Galaxy Statistics in Pencil-beam Surveys at High Redshifts

TL;DR

This paper investigates how the elongated pencil-beam survey geometry at high redshifts influences galaxy abundance and clustering measurements, revealing significant deviations from linear theory predictions through cosmological simulations.

Contribution

It provides a detailed analysis of the impact of survey geometry on galaxy statistics at high redshifts using cosmological N-body simulations, highlighting deviations from traditional analytic models.

Findings

Probability distribution of galaxy abundance is skewed toward low values.

Variance in galaxy counts exceeds Poisson predictions over certain luminosity ranges.

LAE power spectrum is flatter than linear theory forecasts.

Abstract

Surveys of faint galaxies at high redshifts often result in a "pencil-beam" geometry that is much longer along the line-of-sight than across the sky. We explore the effects of this geometry on the abundance and clustering of Lyman-break galaxies (LBGs) and Lyman-alpha emitters (LAEs) in current and future surveys based on cosmological N-body simulations which adequately describe the nonlinear growth of structure on small scales and compare to linear theory.
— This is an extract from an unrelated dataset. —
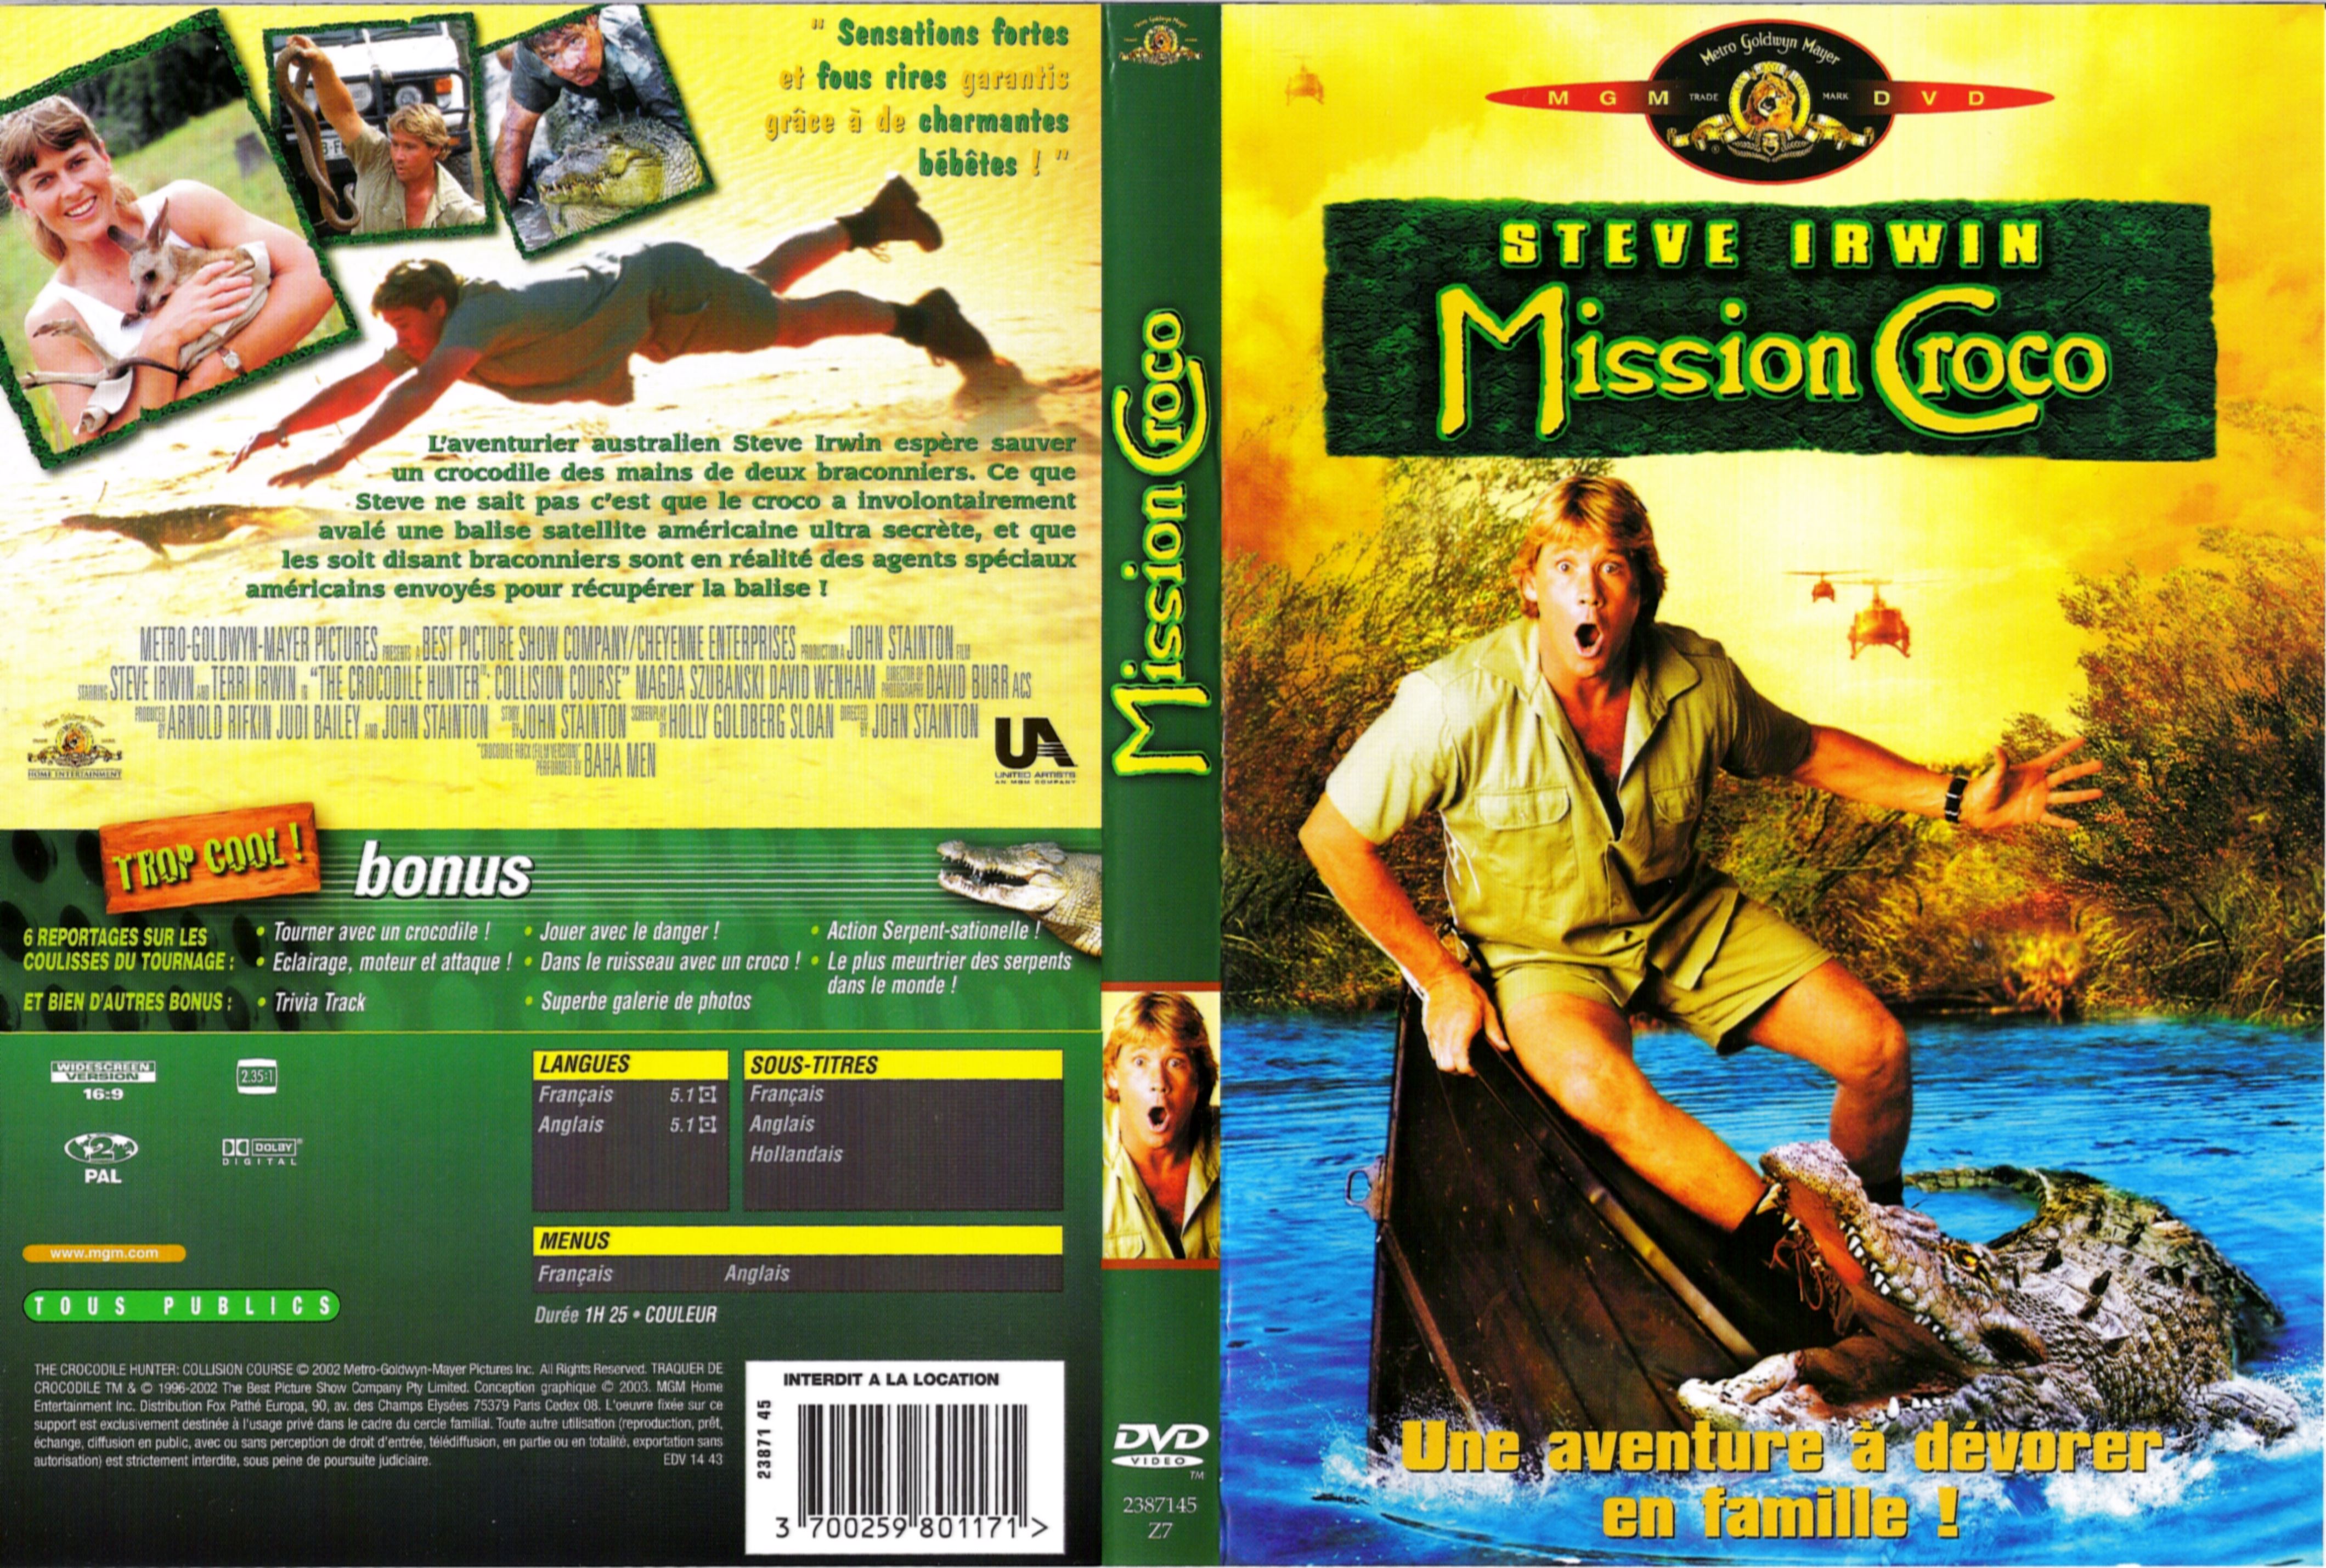 Jaquette DVD Mission croco v2

We find that the probability distribution of the LBG abundance is skewed toward low values since the narrow transverse dimension of the survey is more likely to probe underdense regions. Over a range that spans 1--2 orders of magnitude in galaxy luminosities, the variance in the number of objects differs from the commonly used analytic prediction and is not dominated by Poisson noise. Additionally, nonlinear bias on small scales results in a one-dimensional power spectrum of LAEs using a James Webb Space Telescope field-of-view that is relatively flat, markedly different from the expectation of linear perturbation theory. We discuss how these results may affect attempts to measure the UV background at high redshifts, estimate the relationship between halo mass and galaxy luminosity, and probe reionization by measuring the power-modulating effect of ionized regions.